Token lifetimes are managed via Granit.Settings — configurable per-tenant at runtime without redeployment:

TokenDefaultSetting key
Access token1 hourOpenIddict.AccessTokenLifetime
Refresh token14 daysOpenIddict.RefreshTokenLifetime
Authorization code5 minOpenIddict.AuthCodeLifetime

Override per-tenant via the Settings admin API without touching appsettings.json.
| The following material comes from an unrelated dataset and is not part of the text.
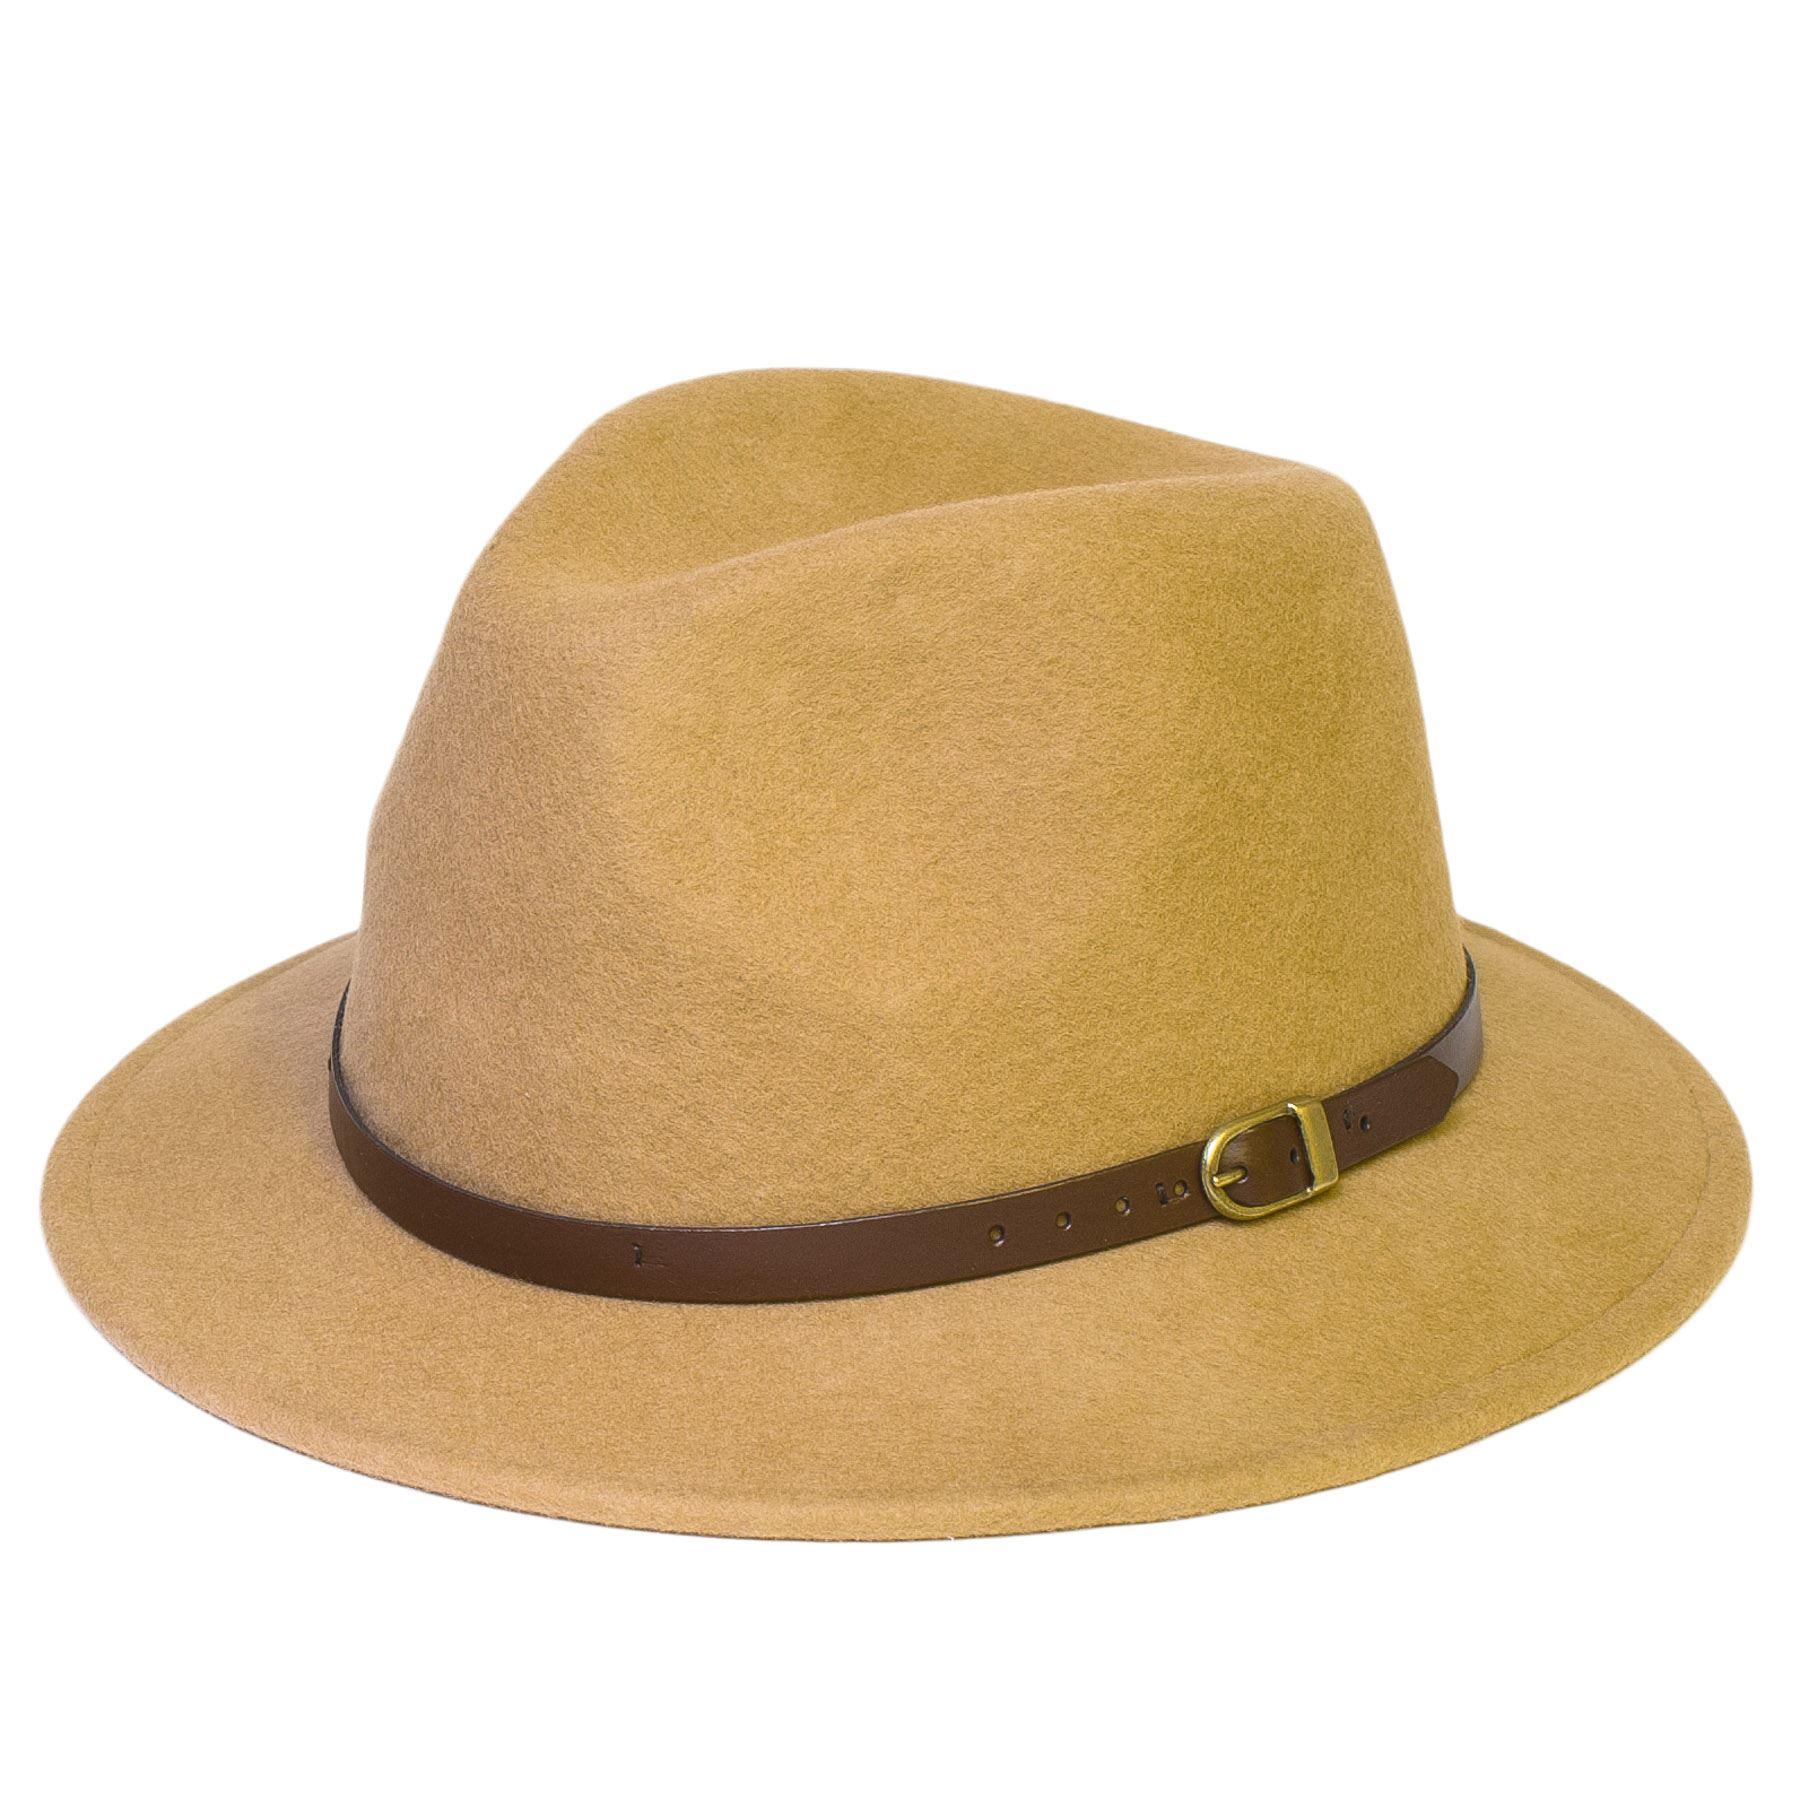 Mens Women Wool Hand Made Felt Fedora Wide Brim Panama ...

  • 40+ admin REST endpoints (/api/admin/users, /api/admin/oidc/applications, /api/admin/oidc/scopes) for user management and OIDC configuration
  • Account self-service API — registration, password reset, 2FA, GDPR account deletion
  • Impersonation — admins can act as any user for support scenarios, with mandatory audit trail and transparency notification
  • Passkeys (WebAuthn) — opt-in via OpenIddict.Passkeys feature flag
  • TOTP 2FA — built-in via urn:granit:grant_type:two_factor custom grant
  • Integration eventsUserRegisteredEto, PasswordResetRequestedEto, AccountDeletedEto, UserImpersonatedEto published via Wolverine outbox
  • Granit.OpenIddict adds a fully compliant OIDC authorization server to your existing Granit app — no separate service required.
  • PKCE is enforced by default; ephemeral keys in development, persistent keys in production.
  • Clients are seeded declaratively from appsettings.json — idempotent upserts, no admin UI needed.
  • Disable EnableEntityCaching in multi-tenant deployments — it defaults to false for this exact reason.
  • Token lifetimes are configurable per-tenant at runtime via Granit.Settings.